RECORDED DATA
★ ★ ★

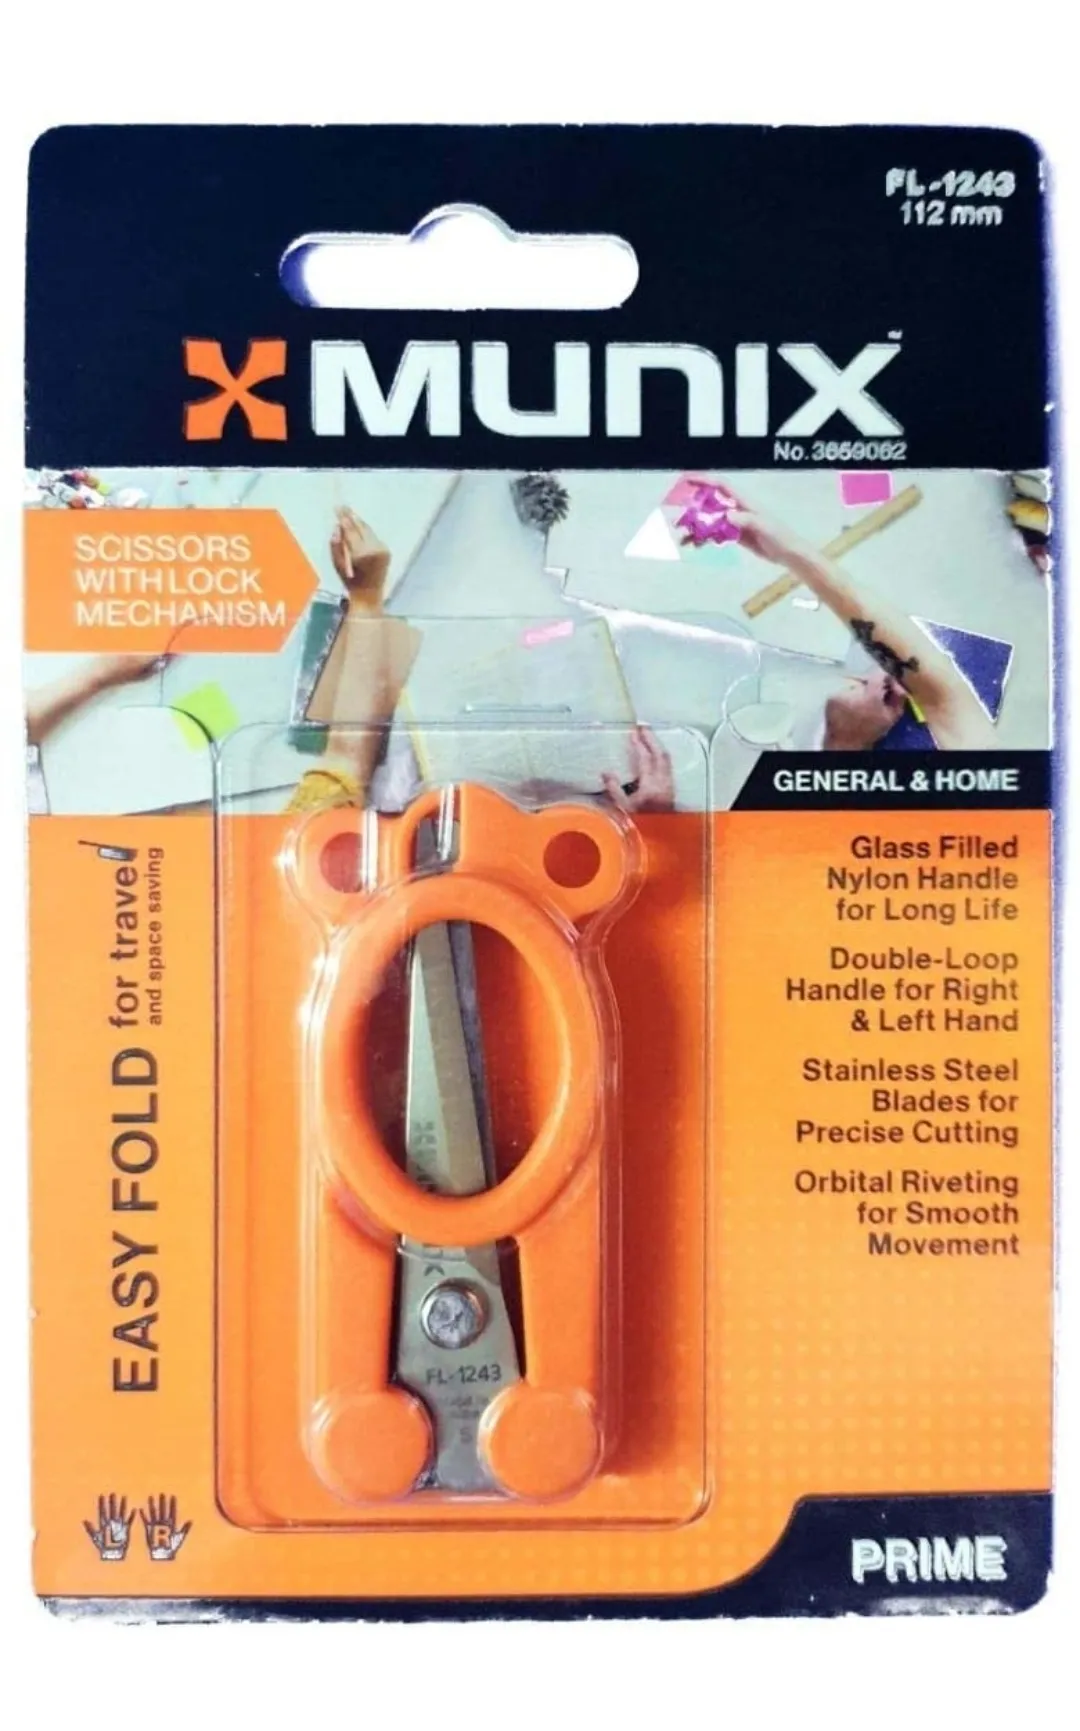 Kangaro Munix Scissors FL-1243 , 112 mm, Folding Scissors, General & Home Pack of 1
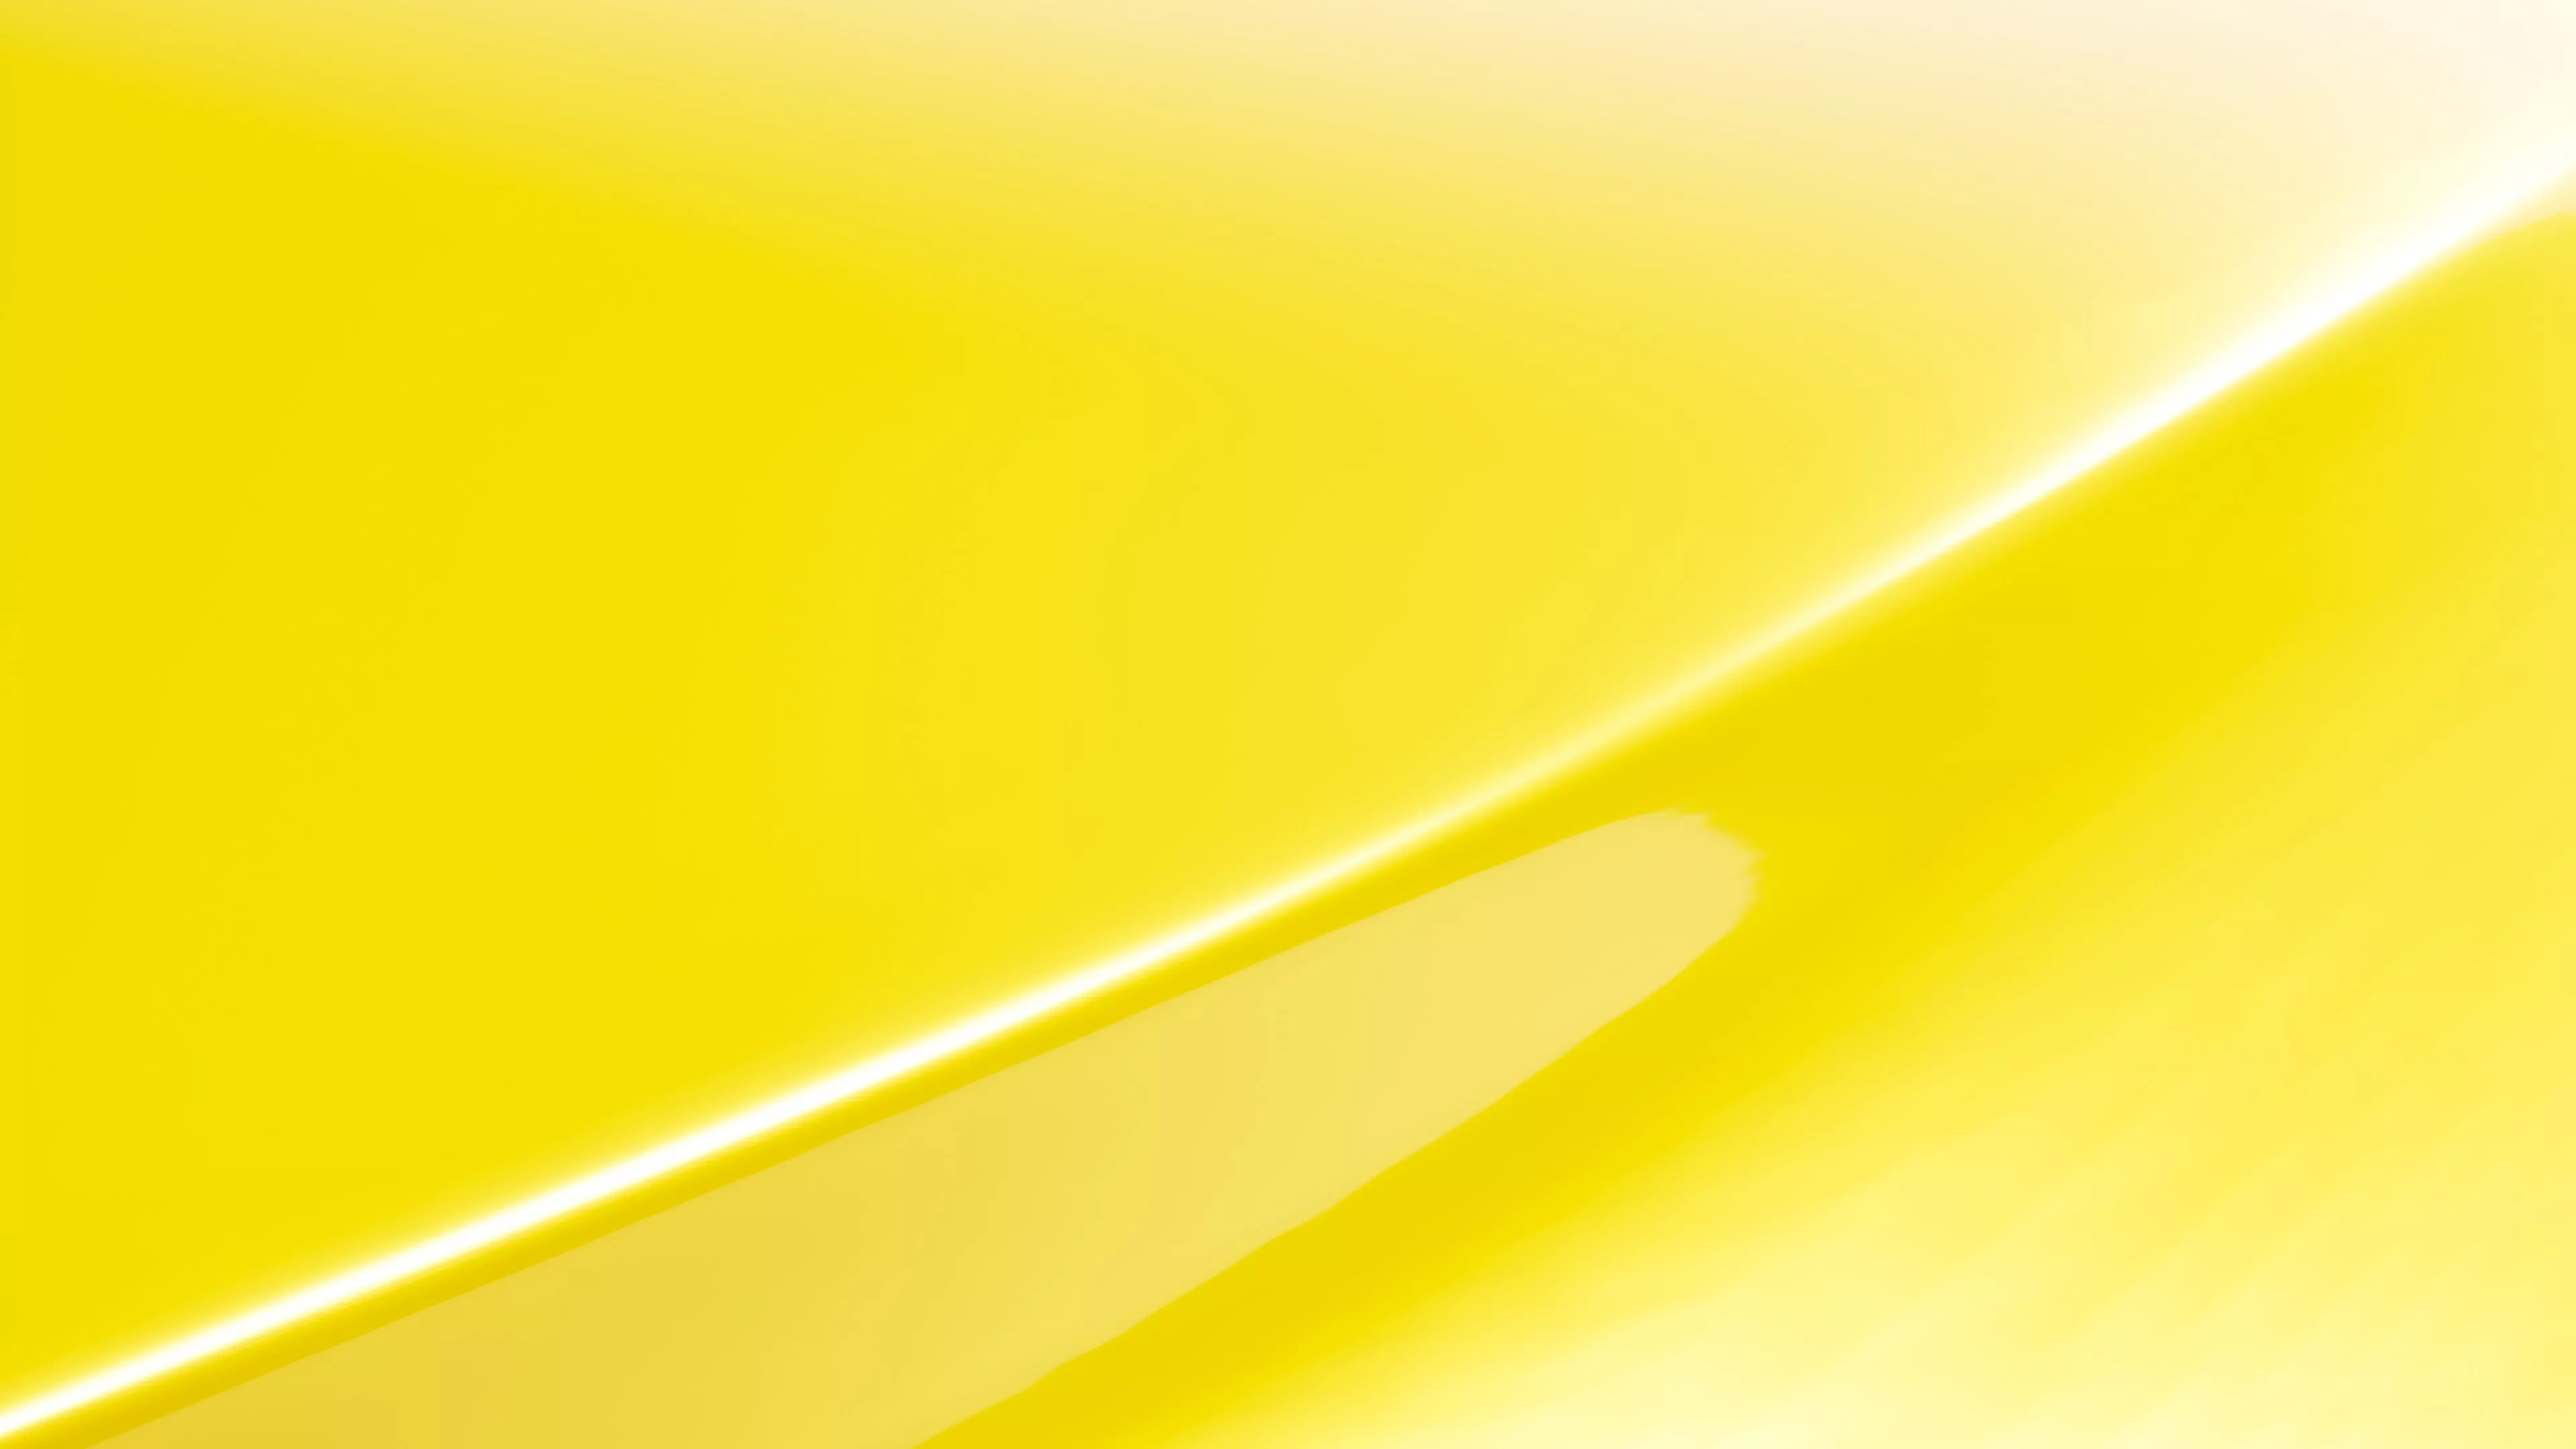 3M™ Wrap Film 2080-HG15 High Gloss Bright Yellow, 60 in x 25 yd / 1524 mm x 22.86 m, 1 Roll/Case
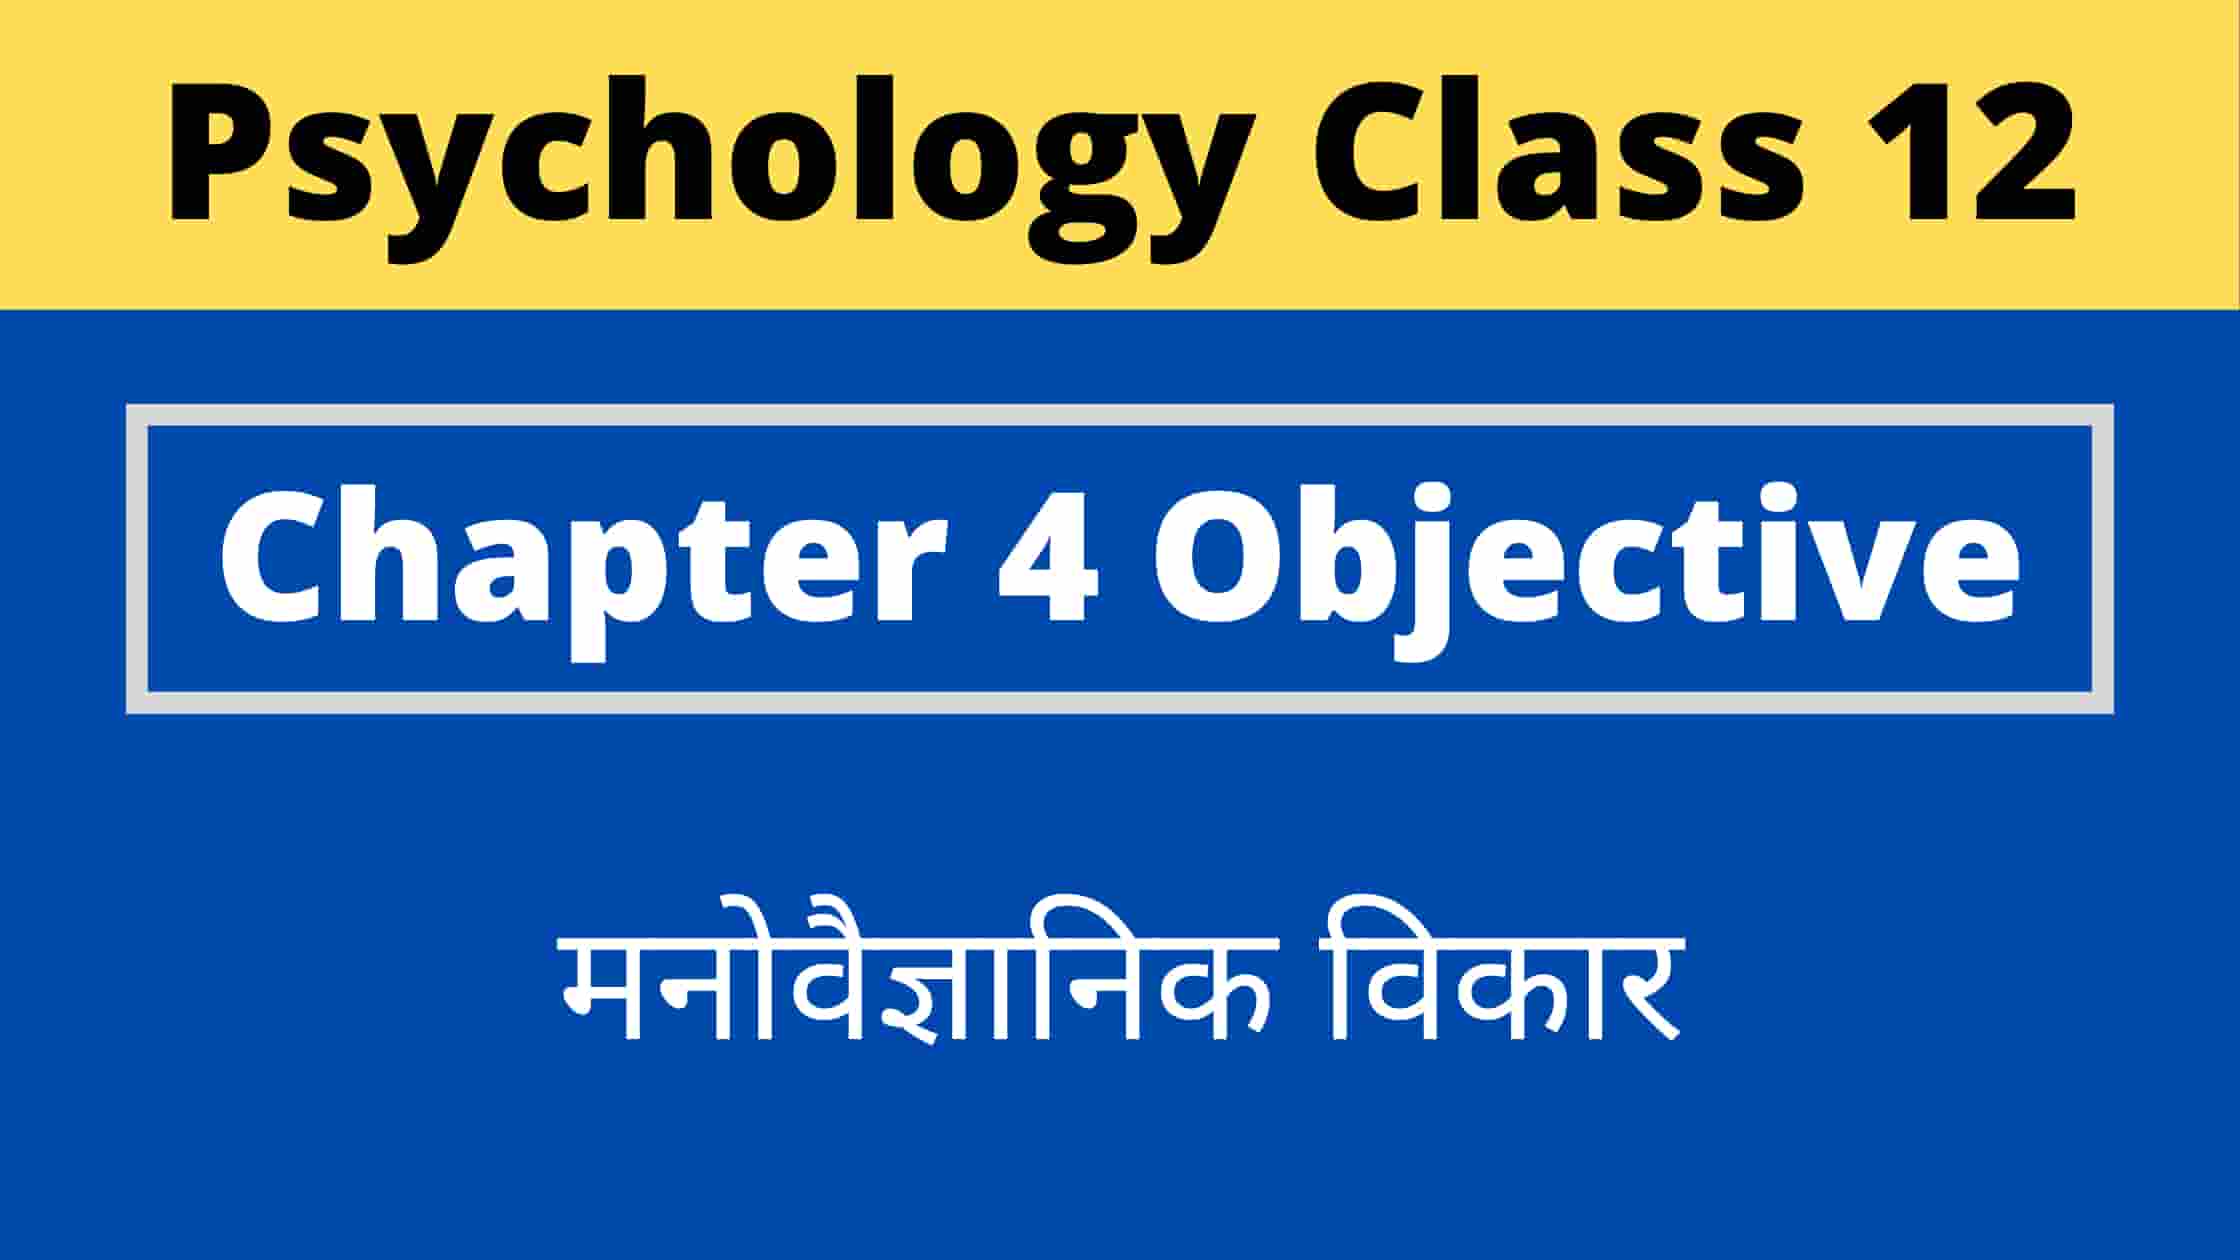 Psychology Class 12 Chapter 4

★ ★ ★

Output the full listing above exactly, excluding all pictures.

WRITTEN RESPONSE
 Kangaro Munix Scissors FL-1243 , 112 mm, Folding Scissors, General & Home Pack of 1
 3M™ Wrap Film 2080-HG15 High Gloss Bright Yellow, 60 in x 25 yd / 1524 mm x 22.86 m, 1 Roll/Case
 Psychology Class 12 Chapter 4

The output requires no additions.